FCA fines insurance firm for poor sales practices: FCA has fined Stonebridge International Insurance Limited £8,373,600 in relation to sales of accident insurance products. It found that, for a period of over 18 months, the firm sold accidental death, accident cash plan and personal accident products to unqualified and inexperienced retail customers in the UK, Germany, France, Italy and Spain, using outsourced sales services. The customer base was middle-income but did not have degrees or professional qualifications and was identified from sales lists received from various business partners of the firm, who in turn received commission for providing the names. The firm employed outsourced sales staff, and encouraged them to sell more expensive products than were necessary and to discourage any customers from ringing up to cancel.
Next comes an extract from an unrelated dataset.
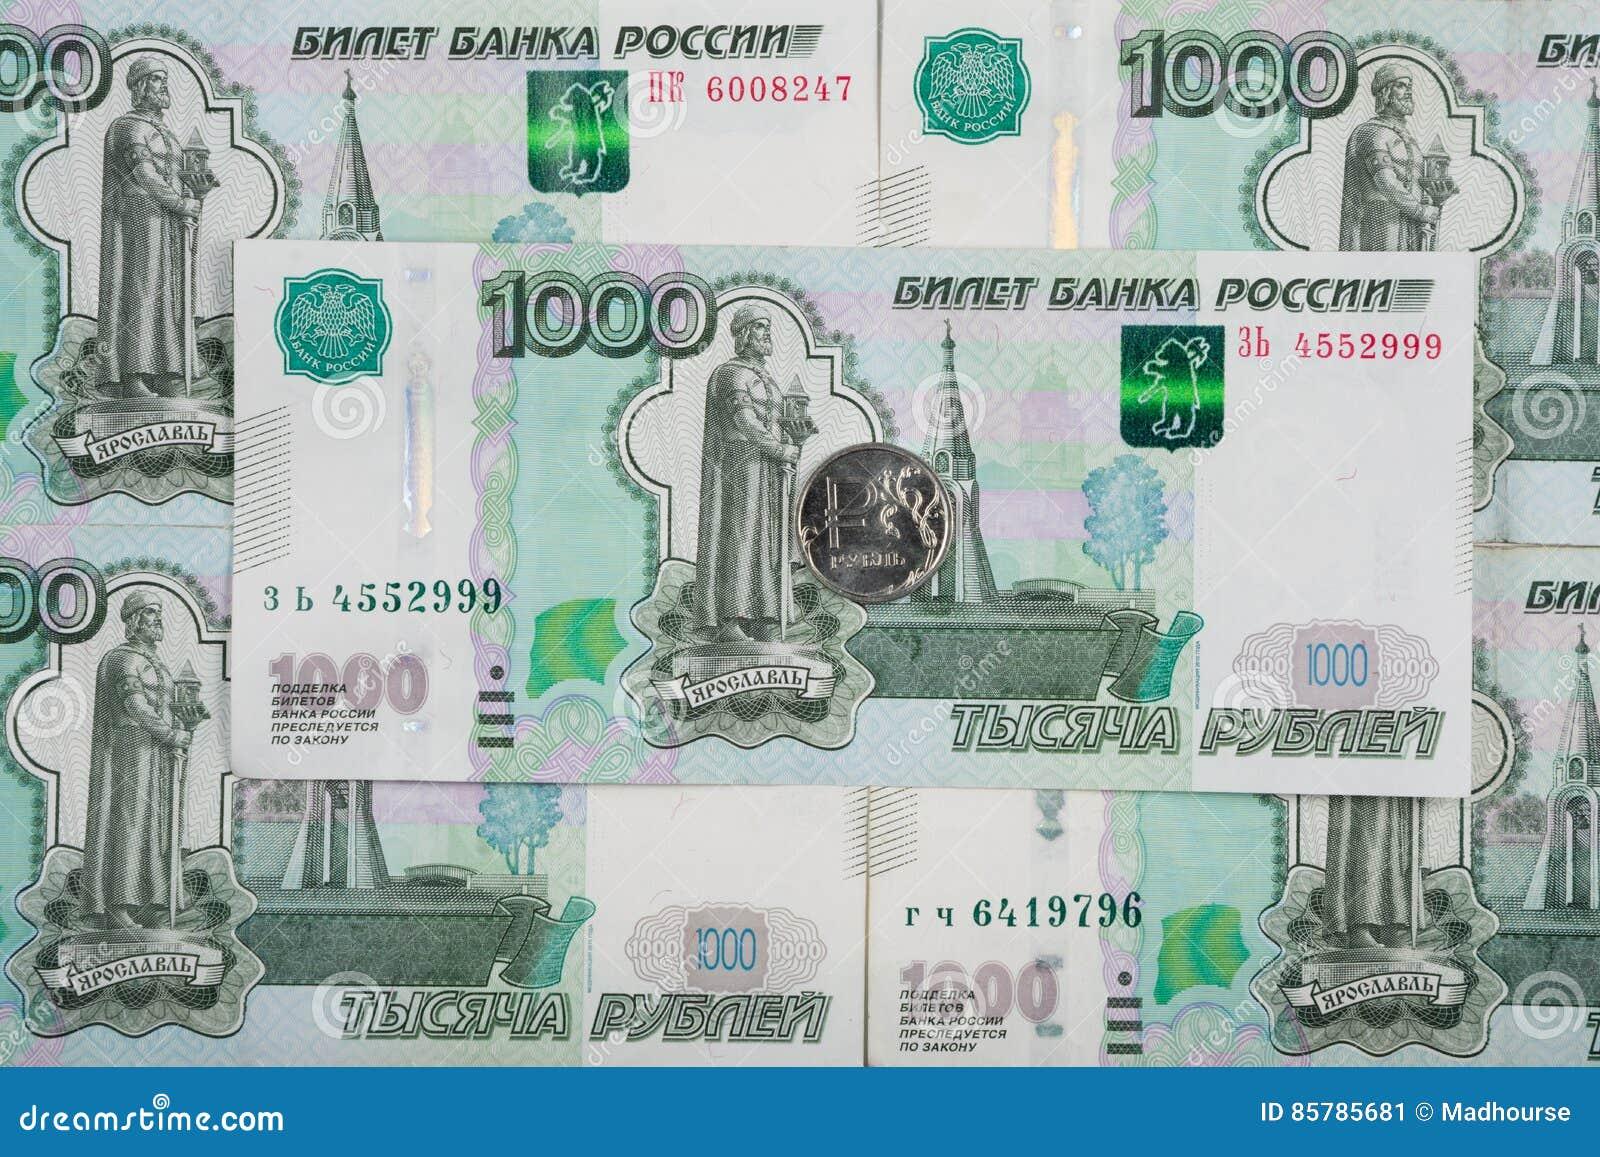 Dream dream Ruble, why dream Ruble in a dream to see 60

FCA found the customers did not have fair, clear and balanced information and the firm's procedures lacked the systems and controls to ensure it treated customers fairly. FCA calculates that nearly half a million customers could be affected and the firm has already agreed to provide redress of around £400,000. (Source: FCA Fines Insurance Firm for Poor Sales Practices)

FCA says firms must improve credit promotions: FCA says promotions for consumer credit products often still do not meet its requirements of being clear, fair and not misleading. Since 1 April, it has reviewed over 1,500 financial promotions for consumer credit products and opened 227 cases about non-compliant promotions. The culprits are usually payday loans, debt management services and credit brokers. A quarter of the new cases relate to advertisements for high-cost short-term credit. FCA found many of these do not prominently display a risk warning or representative APR. The vast majority of the cases to date relate to digital media. FCA gave some examples of promotions it had found to be misleading, which included:

  • debt management firm advertisements that did not make it clear the services were not free;
  • promotions that claimed firms would provide credit regardless of customers’ circumstances;
  • a logbook lender who, among other misleading information, implied its services were endorsed by FCA; and
  • internet search terms that took consumers to unrelated sponsored links which may have misled customers into thinking there was a connection between the search term and the product.